His thumb traced slow, deliberate circles against the man’s knuckles.
The harsh set of Griffin’s jaw was gone, replaced with a softness I hadn’t seen before—a quiet tenderness that felt like it belonged to a different side of him.
Watching him like this, something clicked. For Griffin, family wasn’t just a word; it was everything.
The bar wasn’t just a job—it was a piece of the life he’d built with his father, something he was holding onto with everything he had.

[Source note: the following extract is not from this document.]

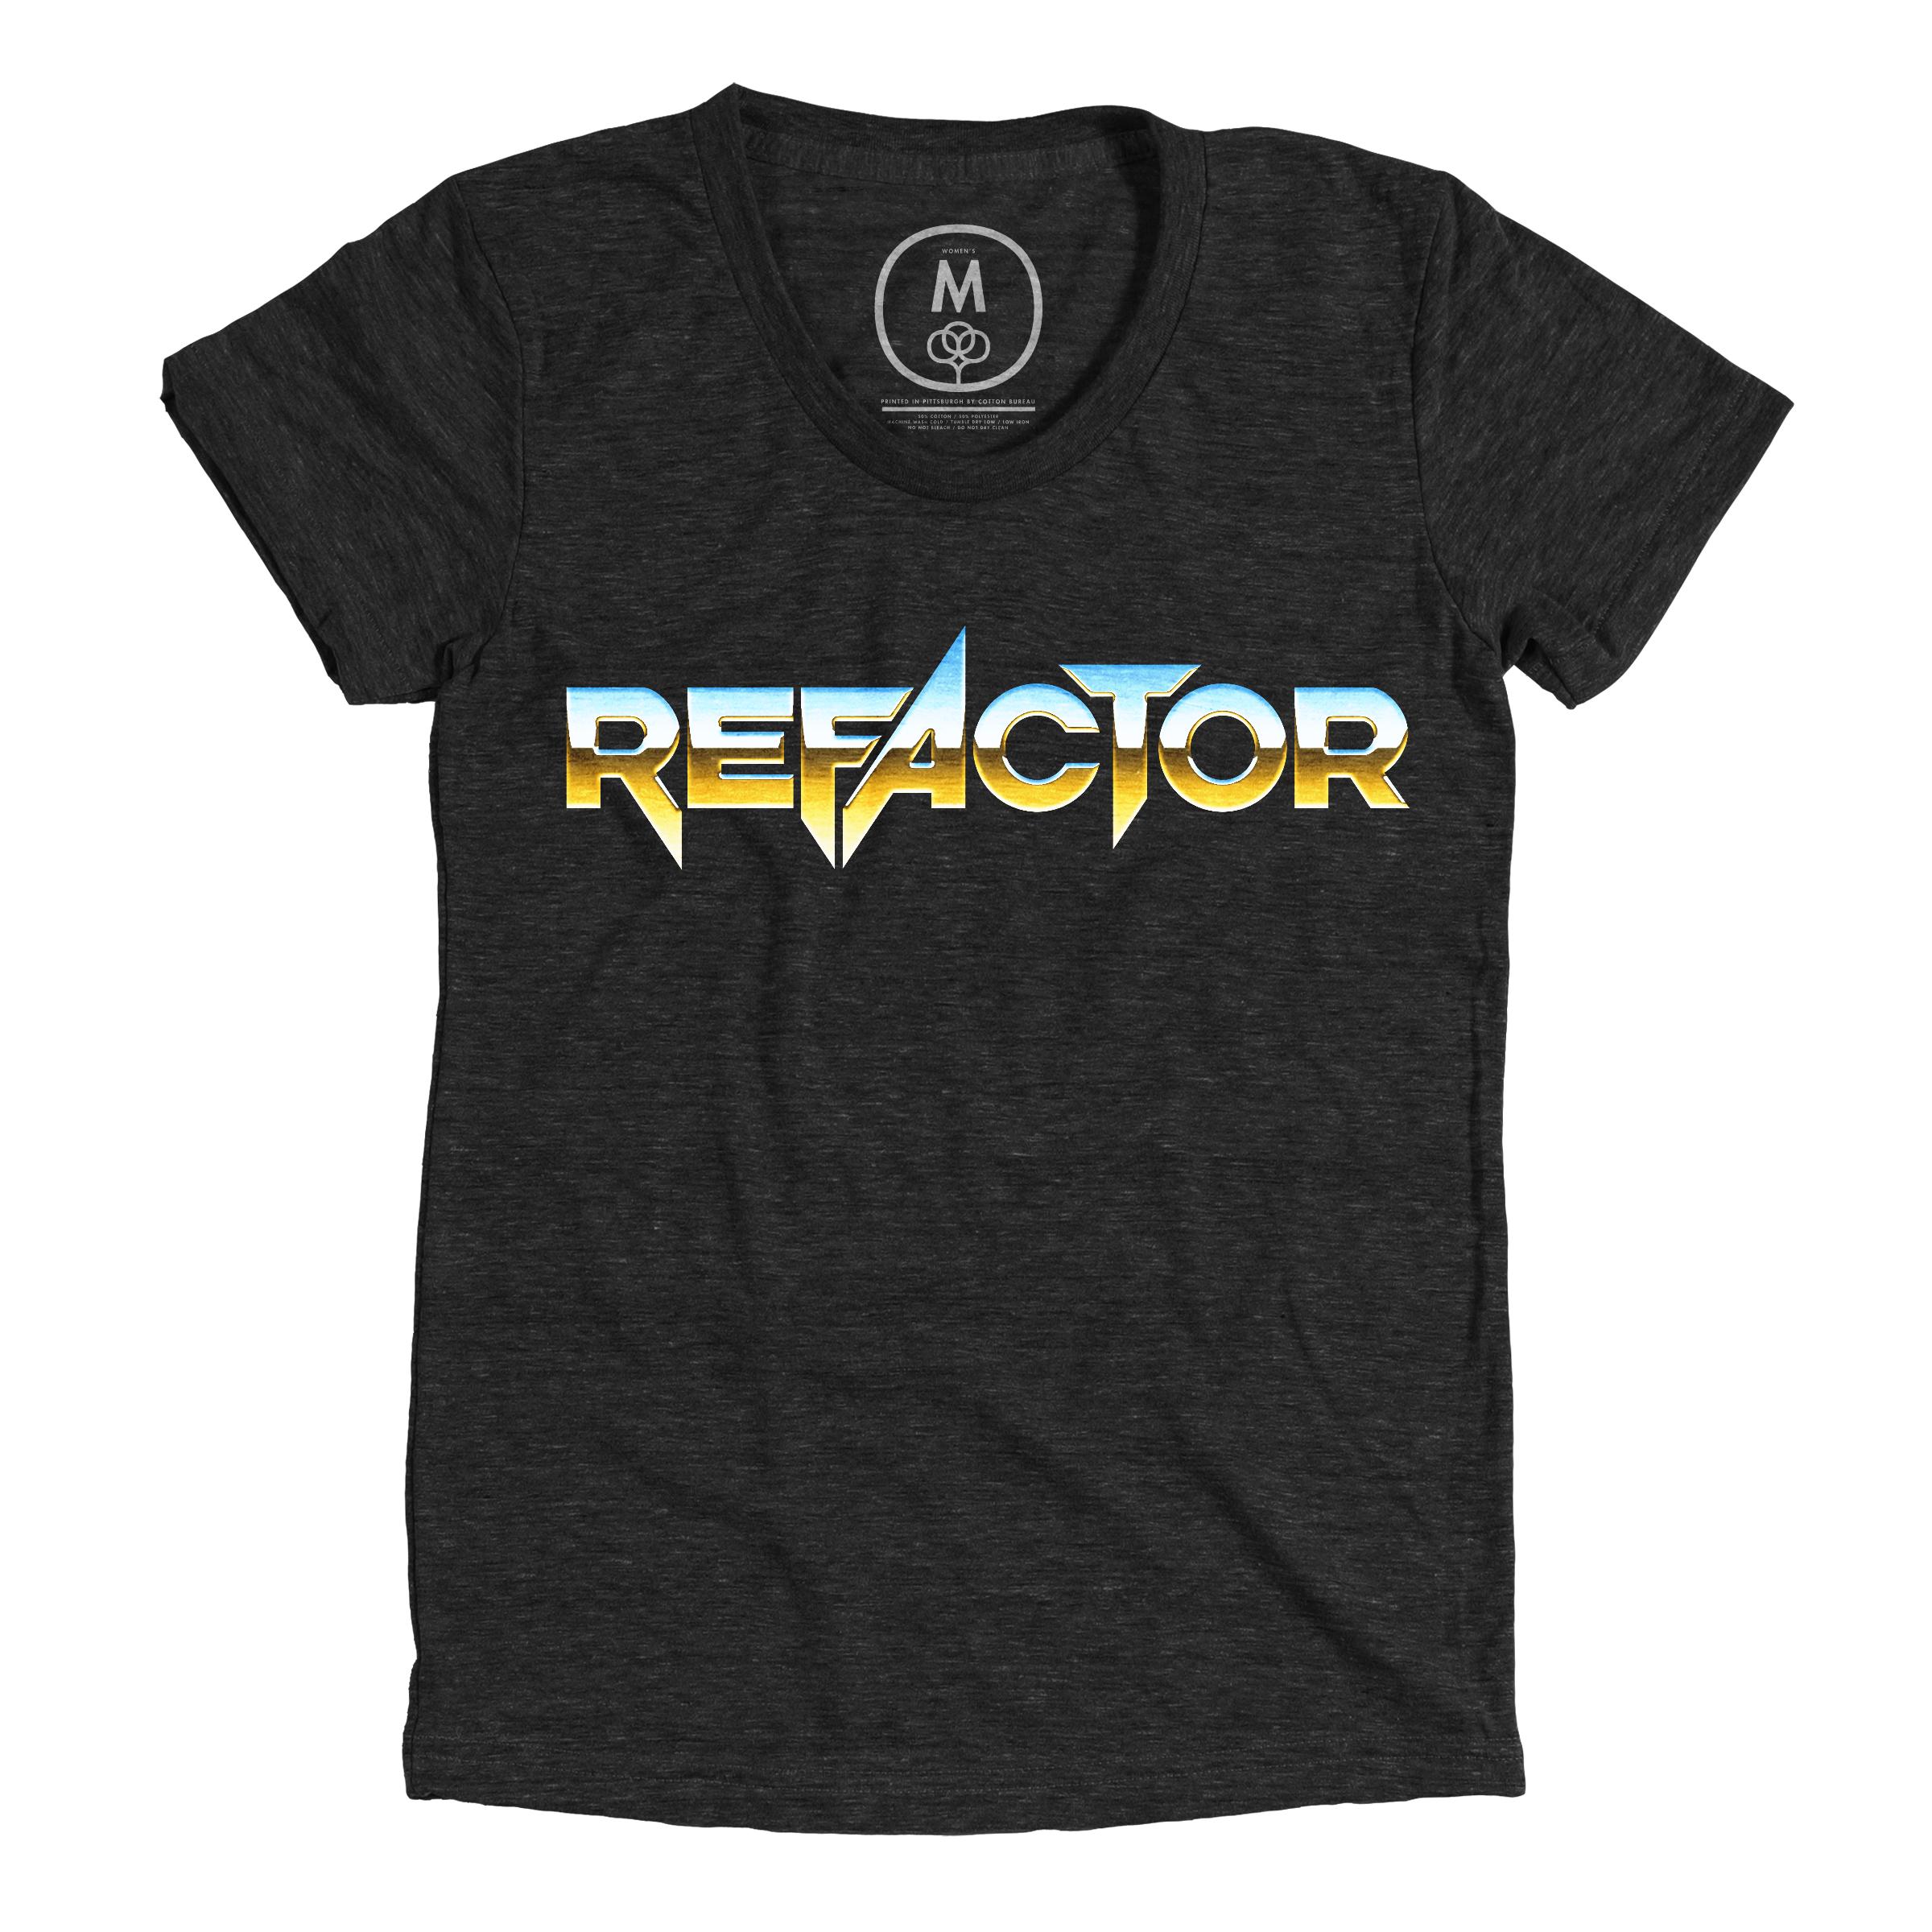 Refactor Vintage Black (Women's)

And I’d nearly wrecked that, all because I couldn’t handle my own insecurities.
A heavy pang settled in my chest as I realized I owed him more than just an apology.
I leaned my forehead against the cool wall beside the door, my breath unsteady.
Griffin didn’t need me barging in right now, interrupting this moment. Any rushed apology I could offer would only be for my benefit, not his.
The way he looked at his dad—steady, grounded—was something I couldn’t touch, something far beyond my understanding.
Silently, I slipped back from the door and made my way down the hall, my footsteps quiet against the tile floor.
A cold breeze swept in as I stepped outside, hitting me like a jolt of reality I hadn’t been ready for.
Maybe I’d been wrong about this job—or my reasons for wanting to leave.
Watching Griffin with his dad had struck something raw in me.
The guy had a whole world beyond his work, people he showed up for no matter how hard or messy things got.
It was a world so different from mine—a life made up of fans and followers who thought they knew me and a few friends who mostly talked in terms of my “brand.”
A flicker of jealousy caught me off guard. Griffin had something real to hold onto.
I, on the other hand, had been drifting from one stream to the next, one convention after another, barely trusting anyone and keeping walls up between myself and whatever people wanted from me.
Now here I was, fumbling through his life like a careless tourist, disrupting the things that mattered to him.
But maybe this place—the bar, the job—was different. It wasn’t just about me for once.